■ **What you will do**
When you reach a picture, pass over it; otherwise repeat the listing word for word.

*** Given information ***

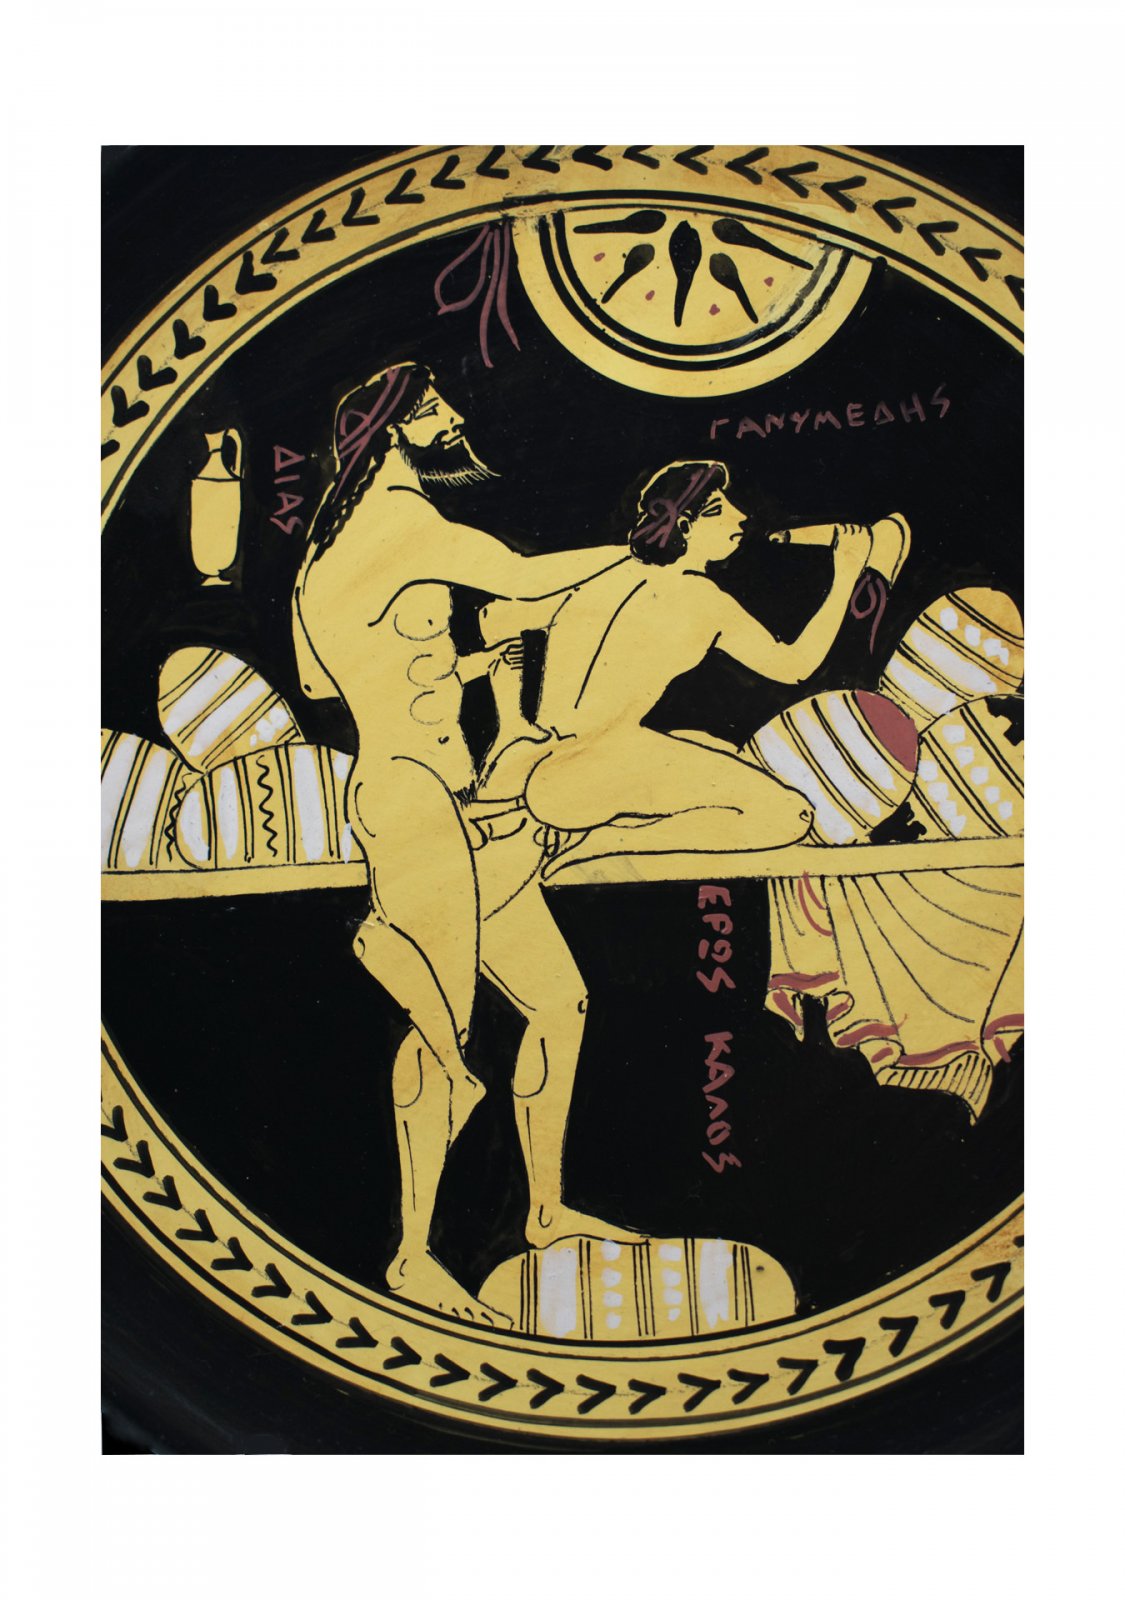 Classical Greek ceramic plate depicting Zeus and Ganymede
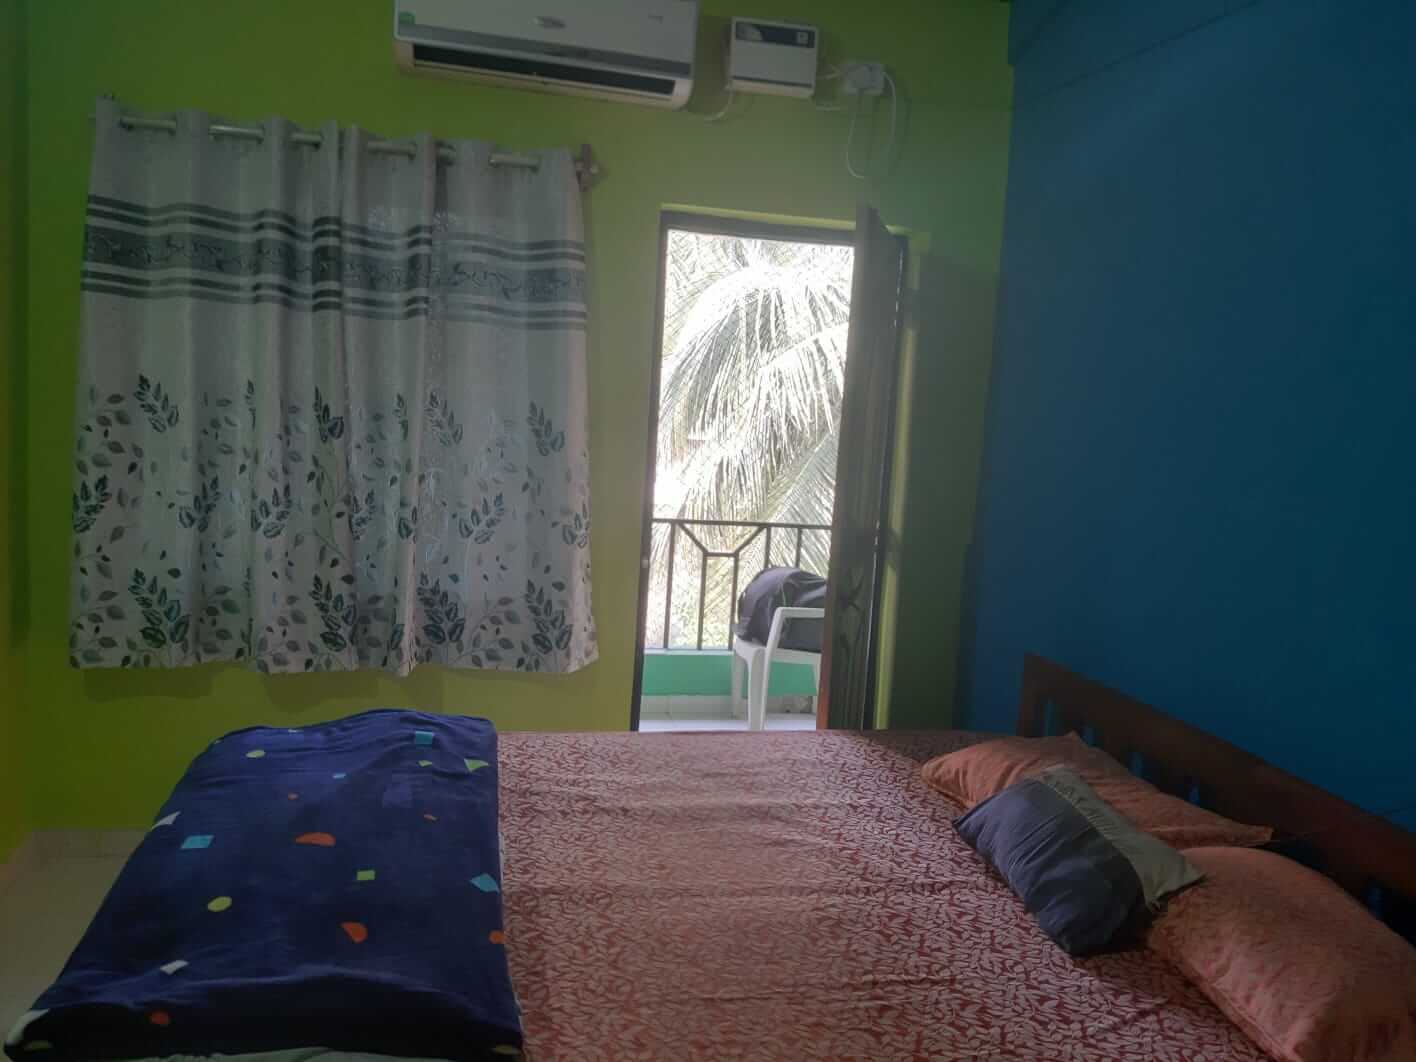 2 BHK Apartment / Flat for Rent 1130 Sq. Feet at Goa
, Siolim
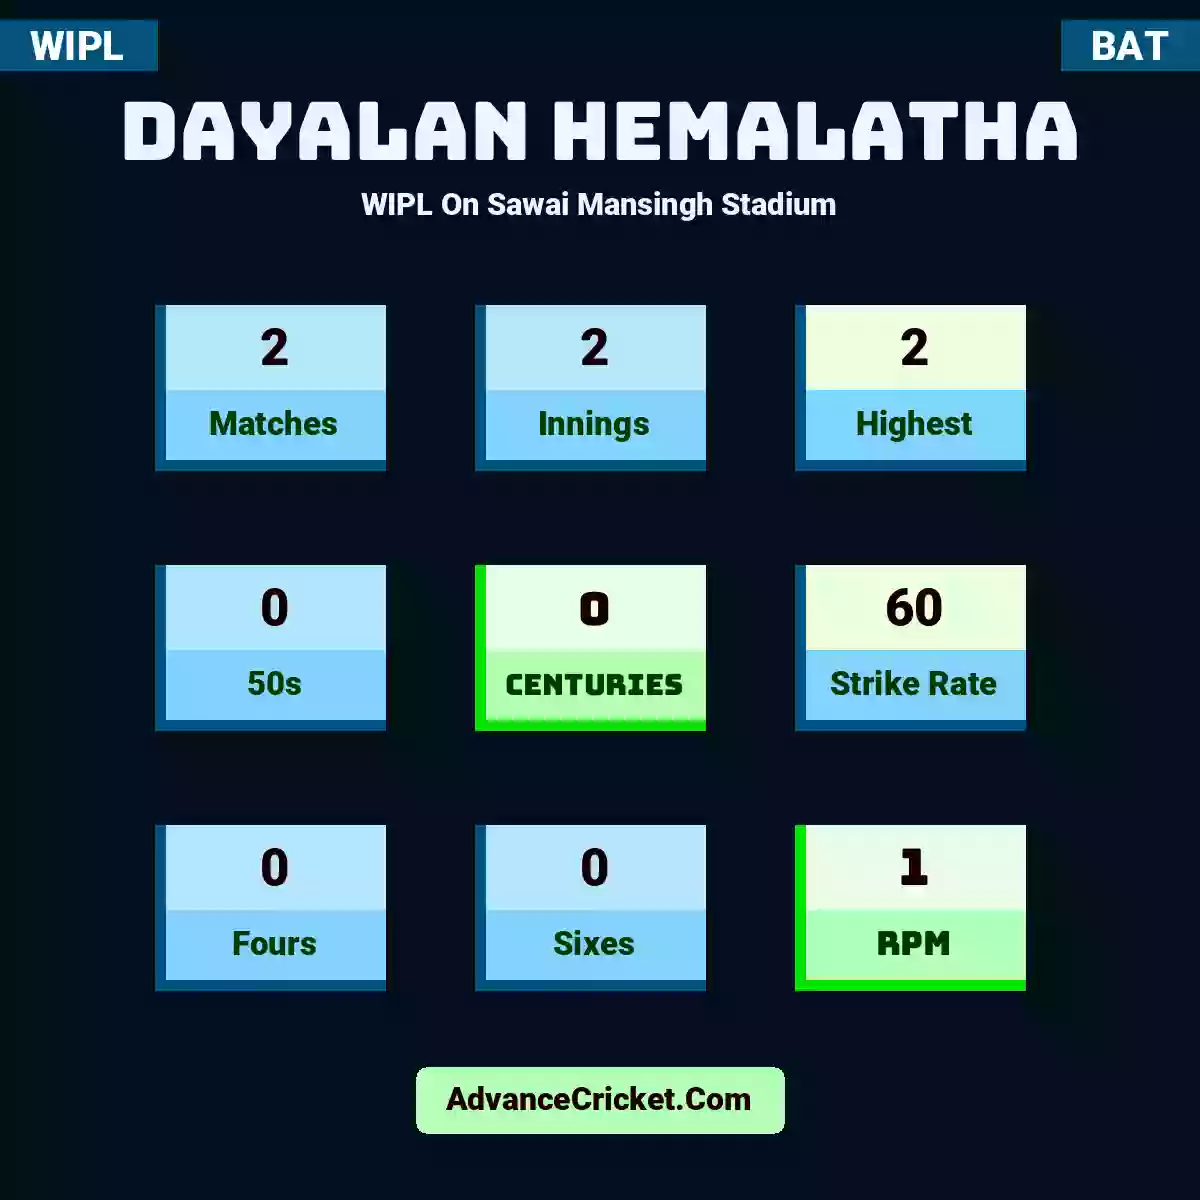 Dayalan Hemalatha WIPL  On Sawai Mansingh Stadium, Dayalan Hemalatha played 2 matches, scored 2 runs as highest, 0 half-centuries, and 0 centuries, with a strike rate of 60. D.Hemalatha hit 0 fours and 0 sixes, with an RPM of 1.

*** End of Given information ***

■ **Solution**
 Classical Greek ceramic plate depicting Zeus and Ganymede
 2 BHK Apartment / Flat for Rent 1130 Sq. Feet at Goa
, Siolim
 Dayalan Hemalatha WIPL  On Sawai Mansingh Stadium, Dayalan Hemalatha played 2 matches, scored 2 runs as highest, 0 half-centuries, and 0 centuries, with a strike rate of 60. D.Hemalatha hit 0 fours and 0 sixes, with an RPM of 1.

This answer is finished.